Advice on Pets, Life, Love

Dear Dog Lady,

I am getting frustrated with my one-year-old Labrador retriever-mix dog. Yesterday, he ran out of the gate and ran away on me. I ran after him. It took one hour to get him thanks to two ladies who helped me. He just ran and would not listen to me or come to me at all.
I appreciate any help. Thanks.


Dear Jacquie,

You must always remember: A dog is a dog, not a robot. What your dog does today, he might not do tomorrow. These animals are subject to the same whims, compulsions, and temptations that drive all living creatures. You can get your pet to a place where you think you can predict his behavior and, whoops, all can change in a flash of a sudden fear or a squirrel's unexpected appearance. You must always expect the unexpected.

Yes, life with a dog can be annoying and frustrating. However, you should constantly reinforce your young dog's good behavior by using every opportunity to train him. He's a rambunctious teenager. Carry treats on you to dole out as rewards during every walk and praise him lavishly when he responds to your call. When you have the time to spend with him, take him to a field, tether him to a long line and work on recall exercises ("Come, sit, stay") - again and again.

Training a dog to live with you is a lifetime challenge.

Dear Dog Lady,

I just read a question in your column from a dog owner who asked if she could save all the dog hair she brushes out of her pet and spin it into yarn, then knit a sweater for herself out of the yarn. I used to have a triple-coated dog, too - a beautiful collie - and I once looked into doing this exact same thing with the mountain of wool she would shed in the spring. It seems a shame to waste all that hair, doesn't it?

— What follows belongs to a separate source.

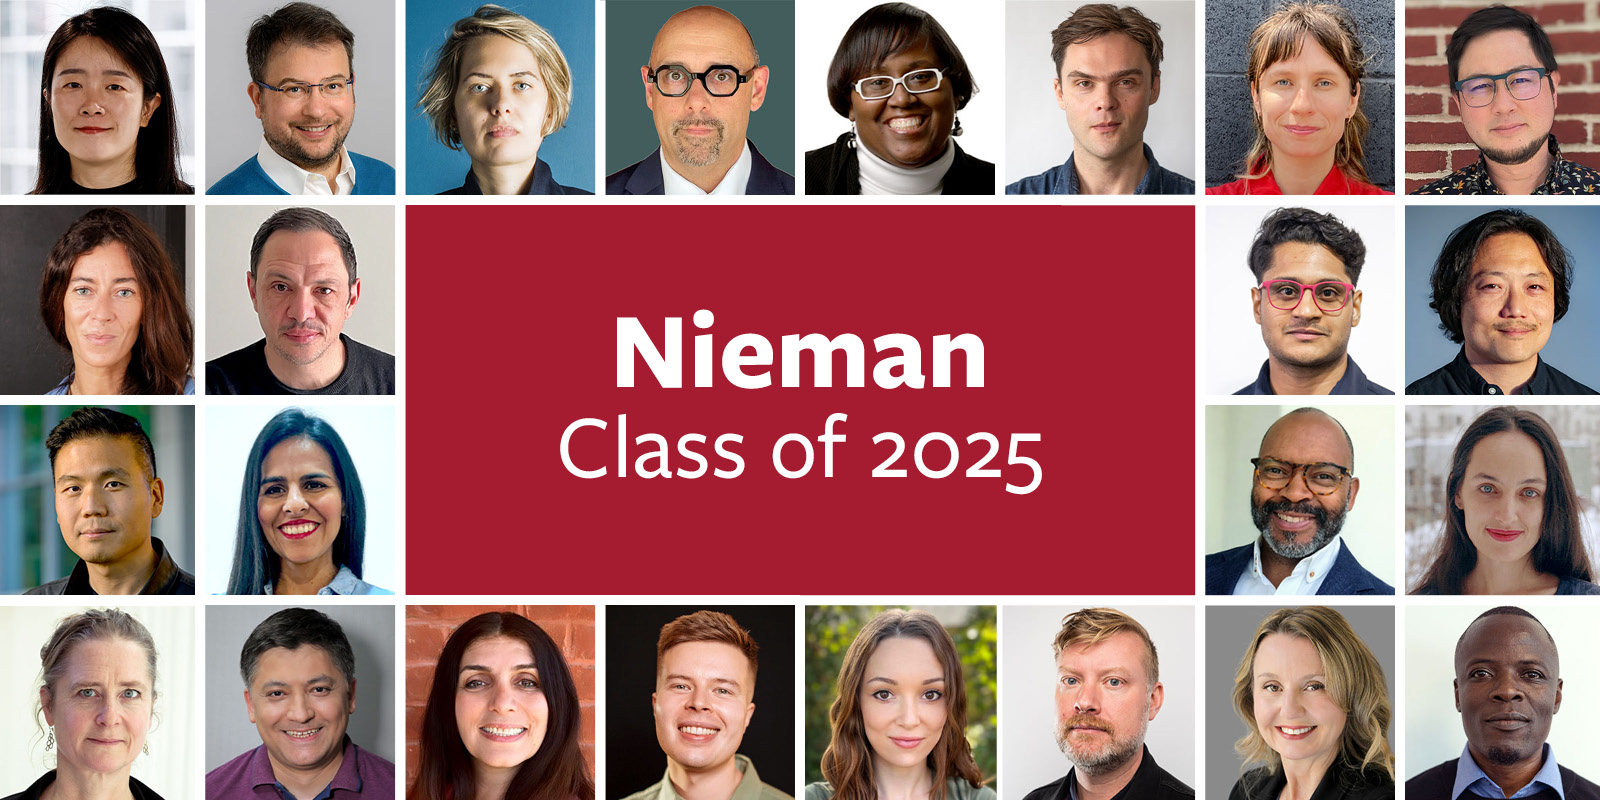 Preview Image for Introducing the Nieman Class of 2025

It's one of those weird-but-harmless ideas only a pet lover would come up with. But alas, there is a problem with spun dog hair because you never get the doggy smell out of it. If your new hair-of-the-dog sweater gets wet, you guessed it - the garment smells like wet dog. Needless to say, I passed on this idea. I love dogs, but I wouldn't want to smell like one!

Dear Lizz,
Thanks so much for joining-and, perhaps, ending-the conversation about knitting a garment with the sloughed fur from dogs. We like to think our own dog doesn't smell but, face facts, of course he does. Dog Lady remembers her dear Shorty's bad breath. There was something so strangely comforting in the foul-to everyone else-odor. Shorty's scent was worth millions to me.

Yes, perhaps it is best to leave other peoples' hair of the dog well enough alone.

Dear Dog Lady,

My adorable almost-three-year-old Yorkshire terrier Charlie has decided he no longer wants to run (or even walk) up and down the steps in our house. Until recently, he would climb the steps many times a day. From what I can tell he hasn't been injured - he walks and runs just fine. But he won't even attempt to climb the stairs. He simply sits at the bottom (or the top) and cries until we scoop him up and bring him up (or down) in our arms. (Months ago, long before this behavior started, he took a spill down the stairs, but he seemed to recover just fine.) This isn't life or death, but it is getting annoying. Any ideas?

Charlie's Crutch

Dear Charlie's Crutch

You should have Charlie thoroughly checked by a veterinarian because you never know if there's some underlying physical ailment bugging him. If everything checks out, you should get Charlie a rug. You don't say how old or how big he is but, as they age, dog joints rub together and creak. They can skid and slip on shiny wood or hard floors (tile or linoleum). This is painful enough to root them in place. Rugs will give Charlie the grip he needs. As for treating you like his yak, he will use you as his crutch as long as you let him. Place a few of his favorite treats on the stairs and see how long it takes for him to ascend.

Dear Dog Lady,

I read your column and agree wholeheartedly about spaying and neutering (procedures Ask Dog Lady enthusiastically endorses). The supposed animal lovers who don't fix their dogs should volunteer at shelters, especially the ones that euthanize. It breaks your heart to see all the animals in cages waiting for human kindness and contact. I have a rescued dog and a cat that chose me and both are "fixed" because I care.


Dear G.W.,
Thanks for your good words. If only everybody abided by them.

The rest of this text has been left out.